Hello, dear friend, you can consult us at any time if you have any questions, add WeChat: daixieit

COMP390

2022/23

Complex data analysis of consumption behavior of urban catering users

project description

With the continuous development of the Internet and information technology, the Internet catering model represented by online group purchases and takeaways has risen rapidly and generated a large amount of multi-dimensional and heterogeneous data. This type of data reflects the catering consumption behavior in different cities from various aspects. feature. The main purpose of this project is to conduct visual analysis of online group purchase data, and use machine learning algorithms, keyword extraction, topic analysis, community division and other technologies to mine group purchase and takeaway website catering data; from two aspects: group-oriented and individual-oriented Analyzing urban catering consumption behavior, designing and implementing a visual analysis system for urban catering consumption behavior, using visualization technology to solve the analysis difficulties caused by traditional data analysis technology due to the large volume and heterogeneity of data; The goal of analyzing consumer behavior.

Purpose and Objectives

The main purpose of this project is to establish an analysis network. According to the diversity of food and beverage consumption data types on takeaway and group buying websites, the multi-view visual analysis method is used to analyze consumers' geographical choices, emotional tendencies and hot topics in urban food and beverage consumption behaviors. Aiming at the characteristics of large scale and complex dimensional information of catering consumption behavior data, an attempt is made to design a data filtering method based on the spatial and temporal dimensions, and to design and implement a visual analysis system for urban catering consumption behavior. And through the analysis of catering consumption data in a certain city on a group buying website, the system can effectively identify the characteristics of urban catering consumption behavior under user interaction analysis.

Primary Literature and Background Reading

At present, POI data has been widely used in urban computing and other fields. Yuan et al. [1] used point of interest data and population flow data to identify functional areas of cities, providing a strong basis for urban planning. Karamshuk et al. [2] provided suggestions for the location selection of urban businesses by analyzing a large number of user check-in data. Fu et al. [3] proposed a ranking method called ClusRanking, which uses point of interest data, road structure and population flow to rank house prices. References [4-6] combined point of interest data, road network data and social media check-in data to synergistically analyze the pollution index of noise in different regions at different time granularities. Existing research on group-buying website POI data mainly obtains sentiment information from user comment data and visualizes it. Due to differences in the cultural background of consumers, the ambiguity of human language vocabulary and structure, and the lack of clear boundaries between positive and negative opinions, it is difficult for computer systems to determine the meaning of exact words.

Wu et al. [7] proposed a method to solve the above problems. Uncertainty model of emotion and design a visualization tool based on scatterplot and radial to analyze user's emotion. The research of Alper et al. [8] provides a more fine-grained graphical summary than the literature [7], which can gradually reveal the details of the text from various reviews, aiming to allow users to make decisions as quickly and efficiently as possible. Get useful information by converting large amounts of review text into visual interactions, avoiding the need for users to browse through all the reviews. In order to reduce the workload of users to view comments, Chen et al. [9] used the LDA model and sentiment analysis to judge the sentiment polarity of the evaluation information on the comment data at the sentence level.

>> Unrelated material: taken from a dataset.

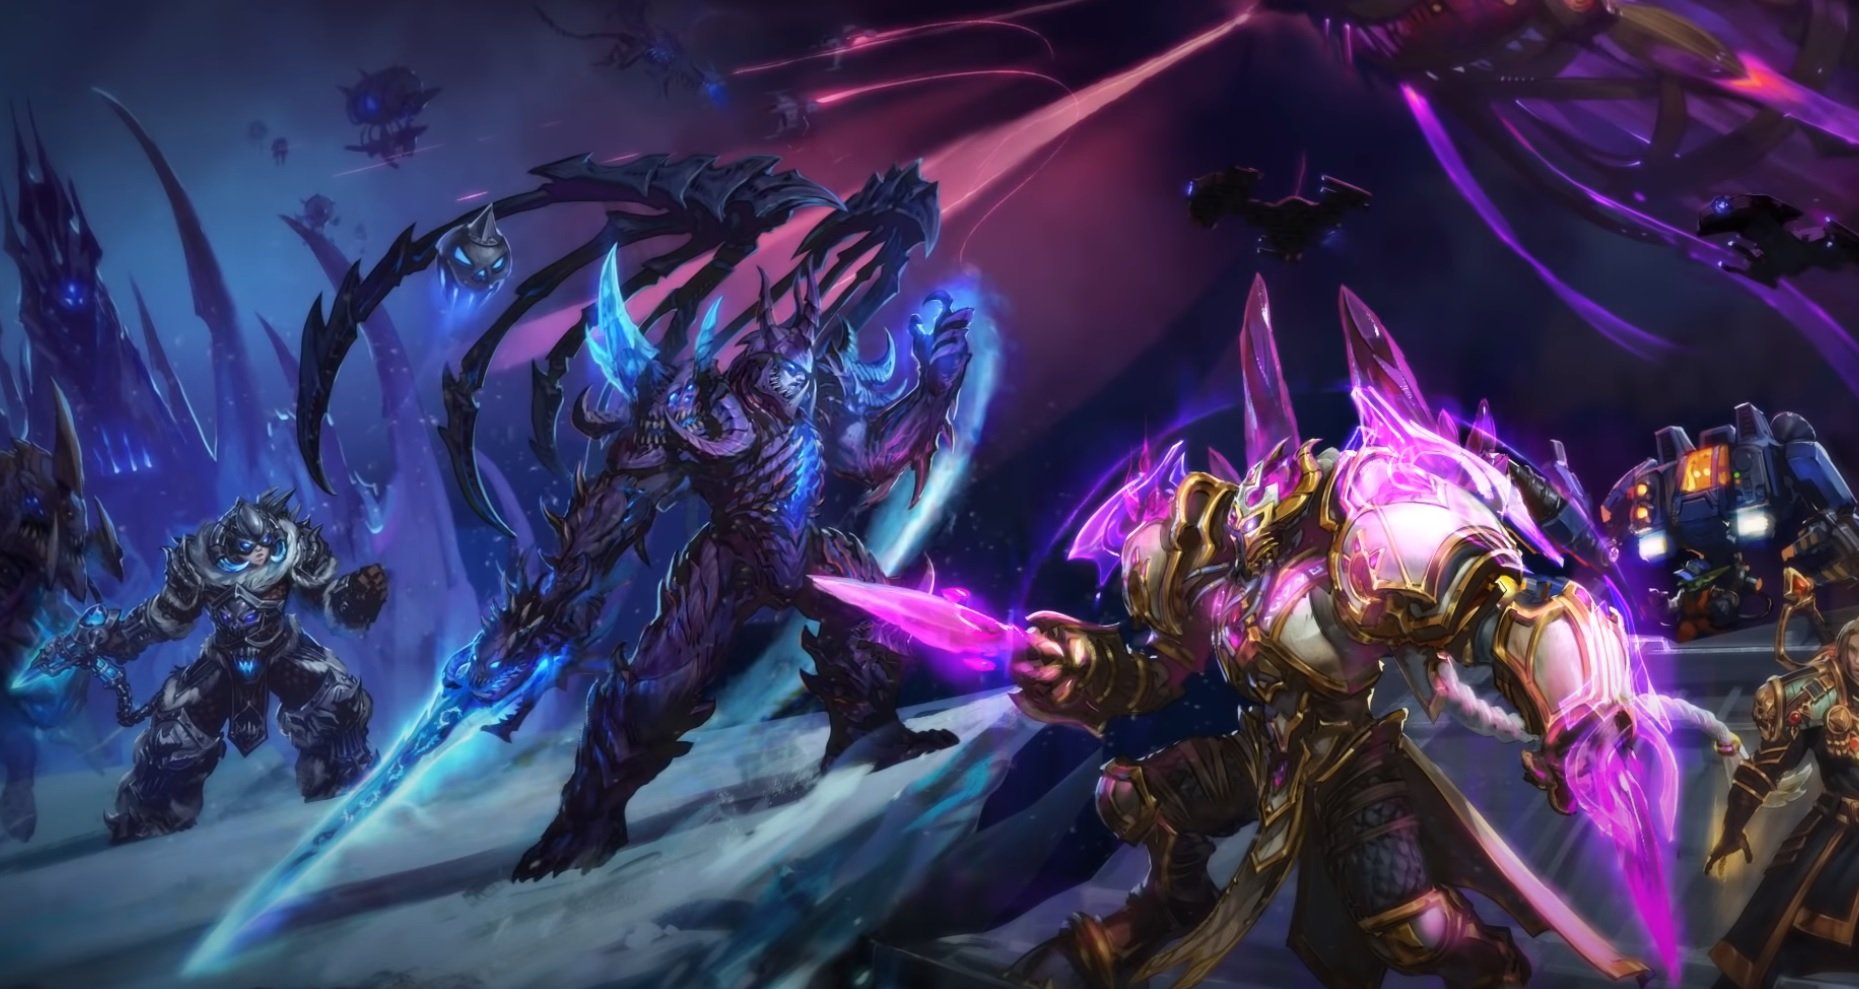 how blizzard ruined their reputation - Blizzard Gives Up On Heroes Of the Storm

Nodes represent different emotional words, use colors to represent different emotional polarities, and allow users to filter emotional words according to different topics. This visualization method is simple and easy to implement, but the disadvantage is that when the number of emotional words is too large, nodes will appear overlapping situation. Hennig et al. [10] proposed a cluster heat map to analyze the change process of sentiment in the time interval.

At the same time, in order to quickly identify the patterns between related topics, a ranking algorithm based on dimensionality reduction was used on the cluster heat map. The axis shows many related topics, the x-axis represents different time intervals, and different colors are used for each group of topic combinations and time intervals to indicate their emotions, but the system currently does not allow users to define their own time intervals. Wang et al. [11] designed a visualization method named SentiCompass for sentiment analysis of Twitter time-varying data based on the influence of space-time tunneling on ring patterns. This method solves the problem that Hennig et al. [10] does not allow users to set the time The problem of spacing is more effective in visualizing emotional changes from a spatial perspective. Wang et al. [12] used tag cloud to display popular topics on Weibo, and combined geographic information and sentiment to draw the geographic distribution of sentiment for a topic.

Although most researches have already produced relevant results, due to the large volume and diverse data types of group buying website data, it is difficult for traditional data analysis techniques to effectively analyze data, while the processing objects of visual analysis techniques can be Arbitrary data types, arbitrary data characteristics, and combinations of heterogeneous data. Therefore, how to apply visual analysis technology to the analysis of catering data on group buying websites and explore urban catering consumption behavior is a novel and worthwhile research topic. From the perspective of analyzing urban catering consumption behavior, this project will design and implement a visual analysis system for urban catering consumption behavior by using multi-view and multi-granularity visual analysis method based on group buying website data, and prove the effectiveness of the system.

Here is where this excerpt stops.